Смерть – я никогда не вижу ее целиком, не умещается в два глаза, представить не могу – кости, песок, абсолютно черная пустота. Даже такую малость – почуять – не могу, еще большую малость – представить, как это чувствуется, – и не можешь. Почему? Старики с остервенением летописцев осажденной Троице-Сергиевой лавры описывают в дневниках насморки внуков и блеск солнечных лучей на больничных подоконниках, мокрых от ночного дождя, оформленность выделенного кишечного содержимого, собачьи плутни – но не это.

Не могу. Но в цирке, когда акробат лезет в ночь по тонкой палке, быстро перехватываясь меловыми ладонями – и у тебя мокрые ладони – ведь ты представил, представил, представил немногую часть того, что чувствовал бы ты вот там, если бы – так почему не можешь это? сейчас, когда еще не высохли мозги?

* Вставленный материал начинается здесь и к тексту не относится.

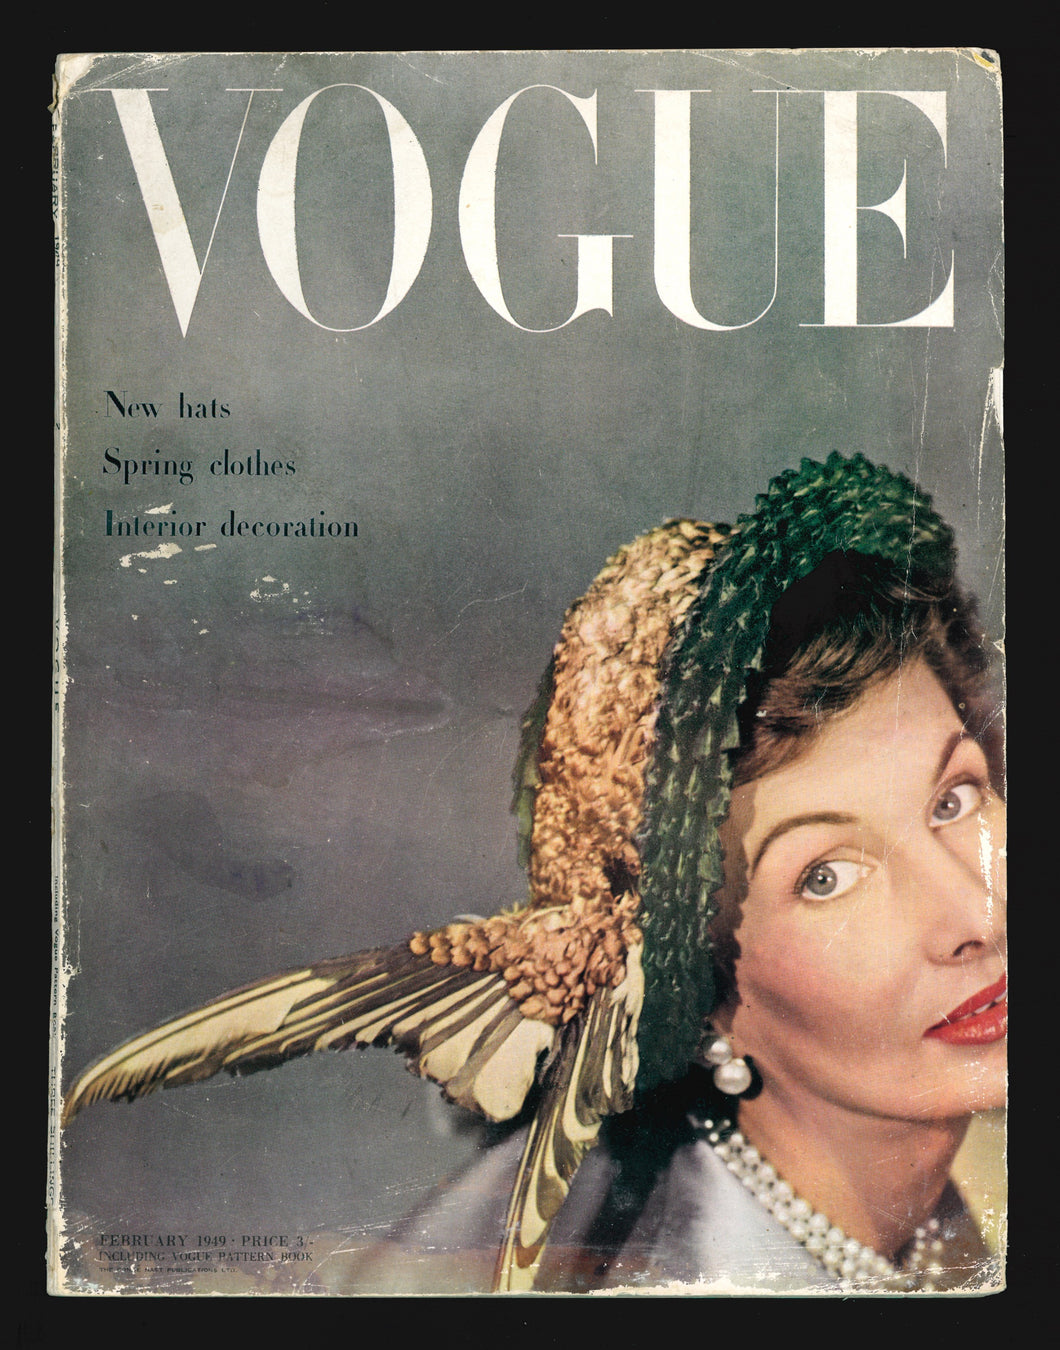 Vogue UK Feb 1949

Не почувствовать. Какое там почувствовать, за тридцать пять лет (к мгновению этой строчки) я всего-то два раза понял полностью: да, умирать придется. Плевые обстоятельства.

Однажды в армии, в наряде по кухне, часа четыре дня, хмуро-солнечная погода тепло-ледяного времени позднего марта или самого начала ноября, паскудное такое время. Я стоял на мойке в засаленном, задубевшем от воды и грязи фартуке зеленого армейского цвета, брезентового материала, длинном, до сапог, засучены рукава – вода била искрящимся канатом в сотни тарелок, в горы глубоких и плоскогорья мелких тарелок, невыспавшаяся башка (чистили картошку далеко за полночь, а из роты ушли до подъема, чтоб быдло не успело проснуться) – впереди полтора года бессмысленного нахождения вот здесь, и двуручный пластмассовый бак, набитый объедками и отрыжками; солнце заглядывает в пустую столовую, там вытирают столы и стулья подымают ногами вверх, а то мрачнеет, и в окна ползет тяжелая смолистая хмарь – и вдруг я почему-то понял разом, словно услышал произнесенное: да, смерть будет, – завернул воду и быстро прошел кухню, пробежал столовую насквозь, огибая немногих людей, выскочил в раздевалку, где не осталось ни одной шинели – пустые крючки, и, распахнув стеклянные двери, вырвался на холод, присел и опустил растопыренные пальцы в студеный снег, посреди дороги, протоптанной людьми, которых два года водят строем есть, которые берут хлеб, когда услышат: «К приему пищи приступить!», в самом глухом месте Люберецкого гарнизона – я так сидел и трогал землю под сапогами, пока не понял: неправда. Не может быть.